Using biological priors to guide analysis, we investigated expression of known regulators and markers of myogenic state in LRCs and nonLRCs. The data reveal an activation dependence on the relative enrichment of multiple myogenic markers. Pax7 and Cd34 are slightly enriched in nonLRCs in quiescence, but enriched in LRCs in activation. Similarly, LRCs are shown to be enriched in Vcam1 in quiescence, but express less of this marker in activation (Fig. 5B). This finding is again consistent with a differential response to activation in LRC and nonLRC states, as suggested by mean expression value correlations and unbiased differential expression analysis. Considering the distribution of LRCs and nonLRCs among clusters of activation further confirms a heterogeneous activation response. In the quiescent state, LRCs and nonLRCs do not display significant differences in distribution between the two quiescent transcriptional clusters. However, after activation, LRCs are significantly enriched in the most activated transcriptional Cluster 1. Roughly 60% of activated LRCs are in the most activated cluster, compared to only 40% of the activated nonLRCs (Fig. 5F). The higher proportion of LRCs in the most activated region of transcriptional space suggests that LRCs may activate more quickly than nonLRCs.

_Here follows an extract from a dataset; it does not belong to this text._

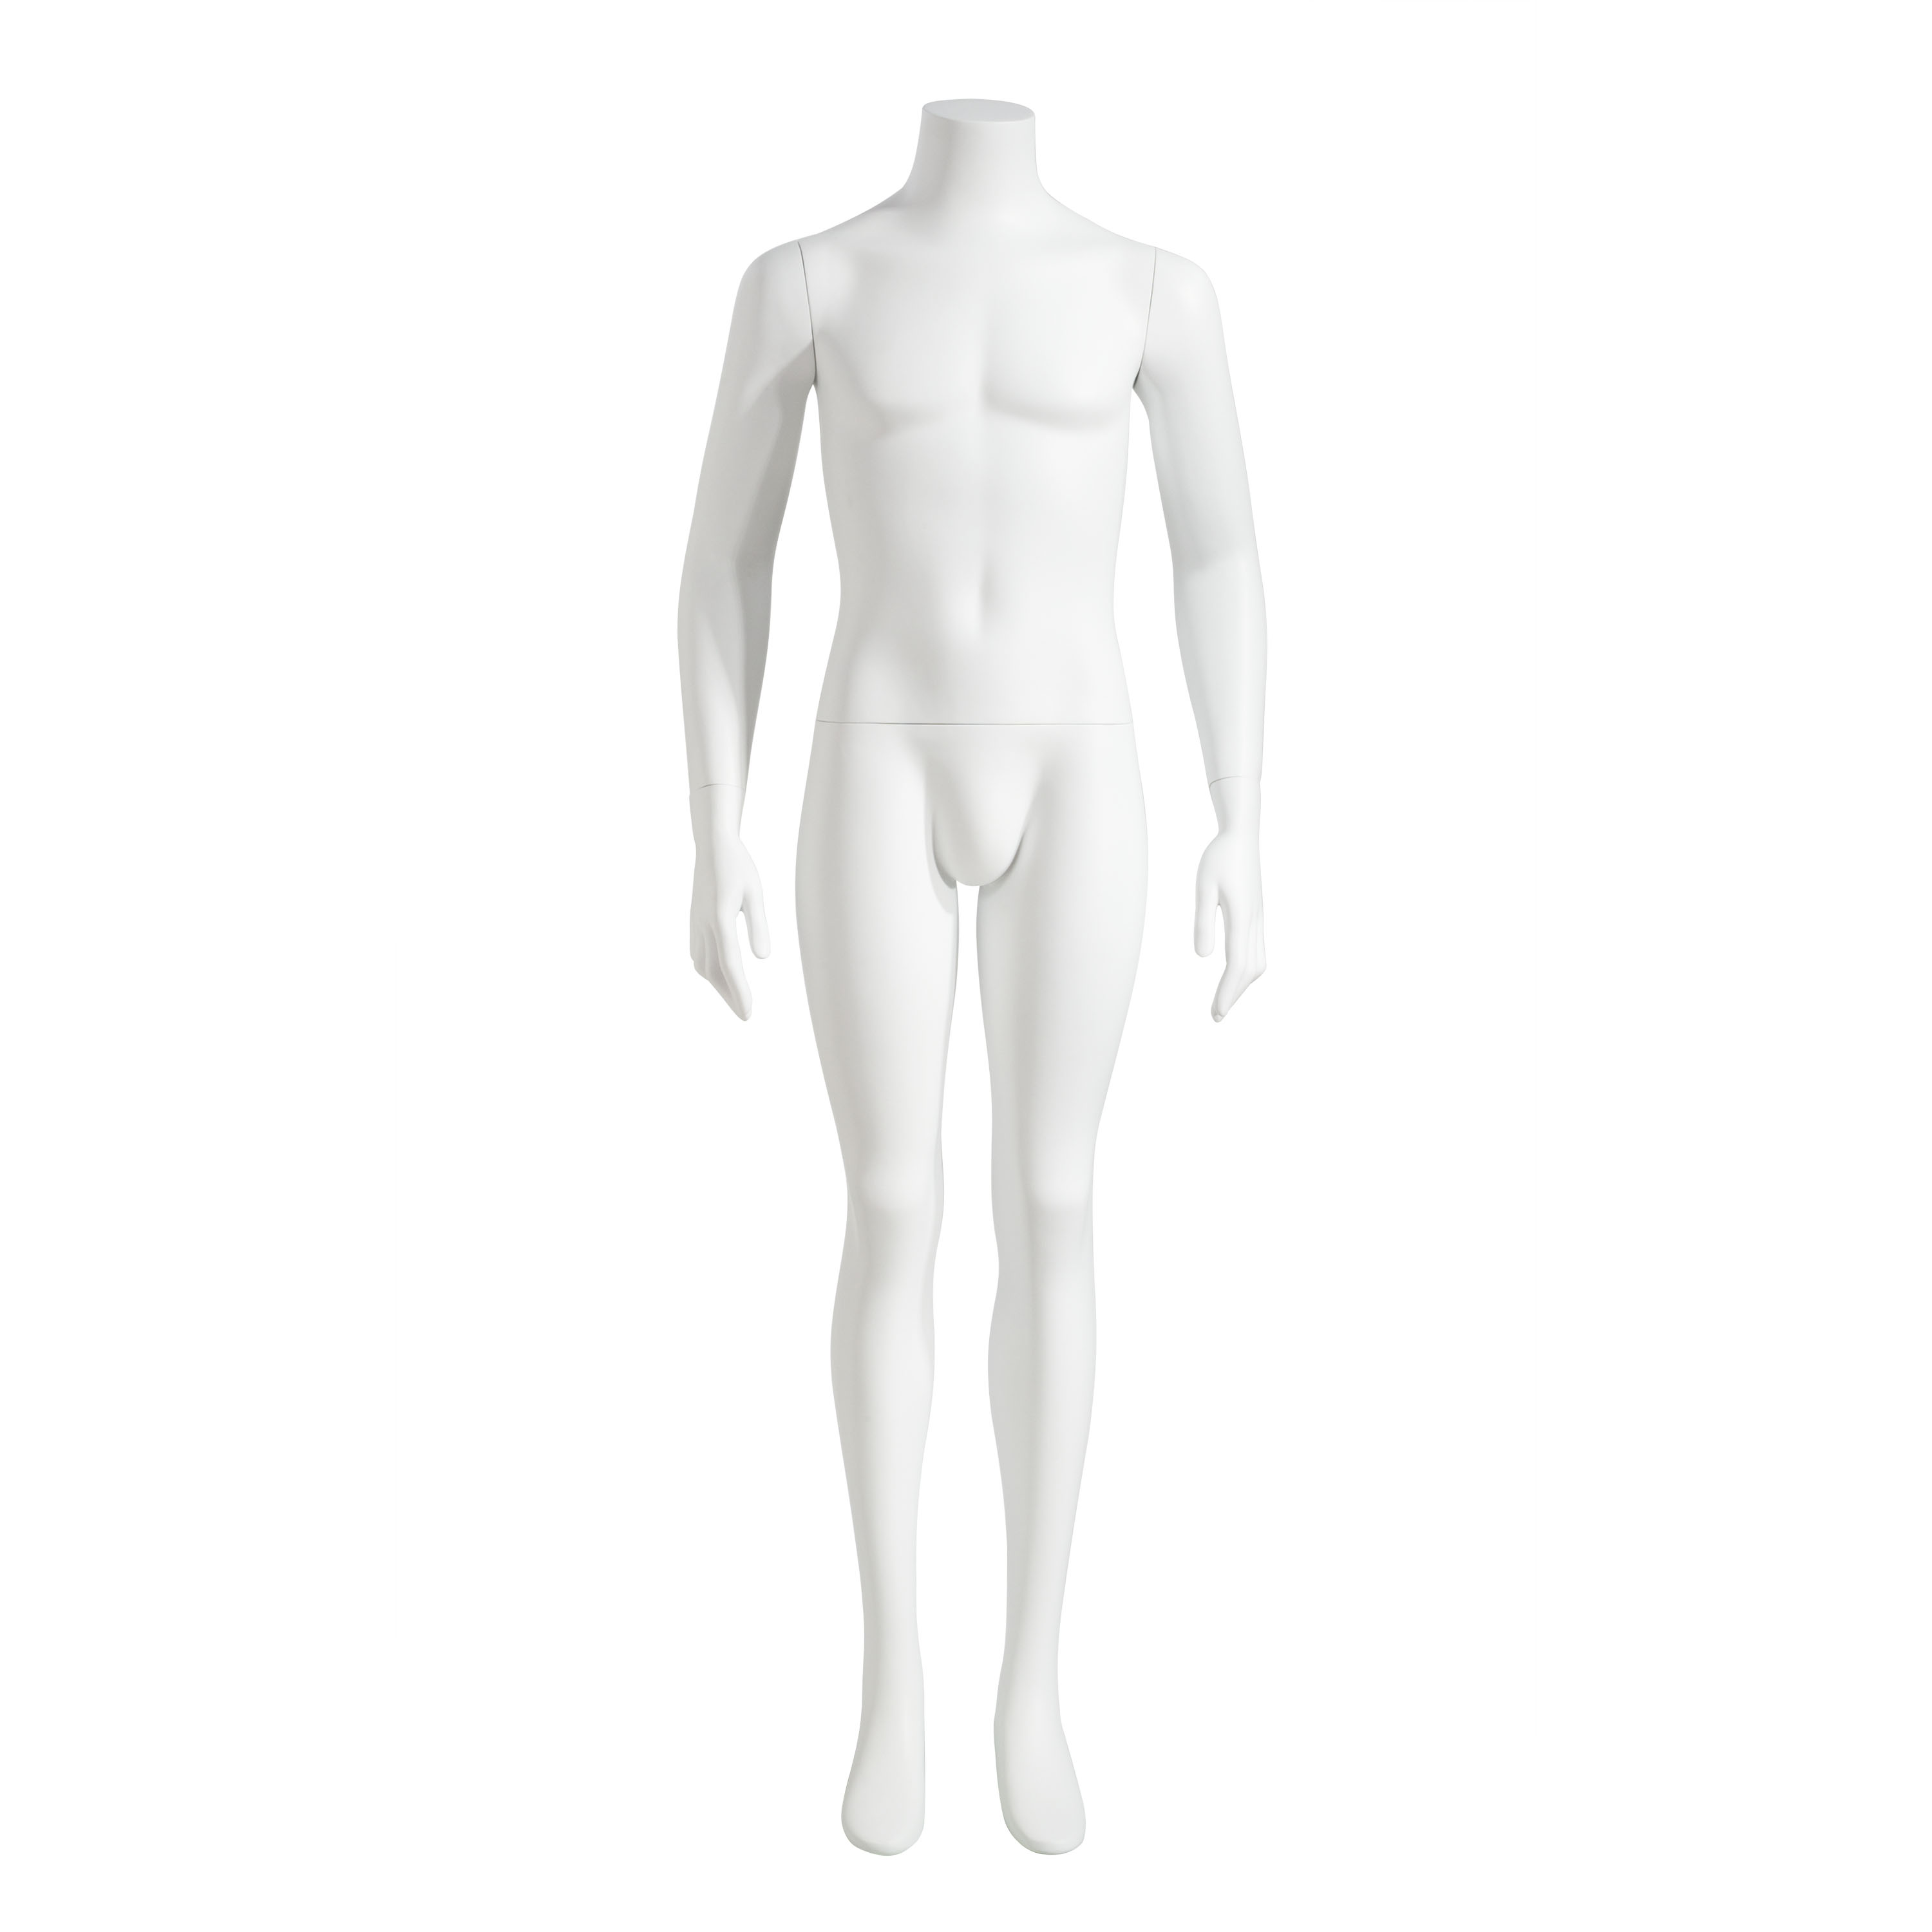 Male Headless Mannequin Full Body

Differential expression analysis also suggests a heterogeneous activation response. Regression analysis of mean gene expression levels between the LRC and nonLRC states corroborates this finding. The two states have a near perfect correlation in quiescent cells. In activation, the mean gene expression values are less correlated (p < 0.001, Fisher’s r to z transformation, Fig. 5E), indicating that activation induces different transcriptional responses in LRCs and nonLRCs.
This result is surprising, as LRCs are believed to be “reserve” stem cells, while nonLRCs are presumed to be precocious in their response based on differentiation assays [10, 11]. To confirm this observation with an orthogonal assay, we measured EdU incorporation in young LRCs and nonLRCs during activation in culture. MuSCs were cultured for 50 hours, and pulsed with EdU 12 hours and 2 hours prior to fixation. LRCs incorporated EdU at a higher rate (21%) than nonLRCs (17%) across three animals and n ≈ 20, 000 cells (p < 0.001, χ2test)(Fig. S6). Collectively, these results suggest that LRCs activate more rapidly than nonLRCs, based both on progression through transcriptional space and the timing of cell cycle entry.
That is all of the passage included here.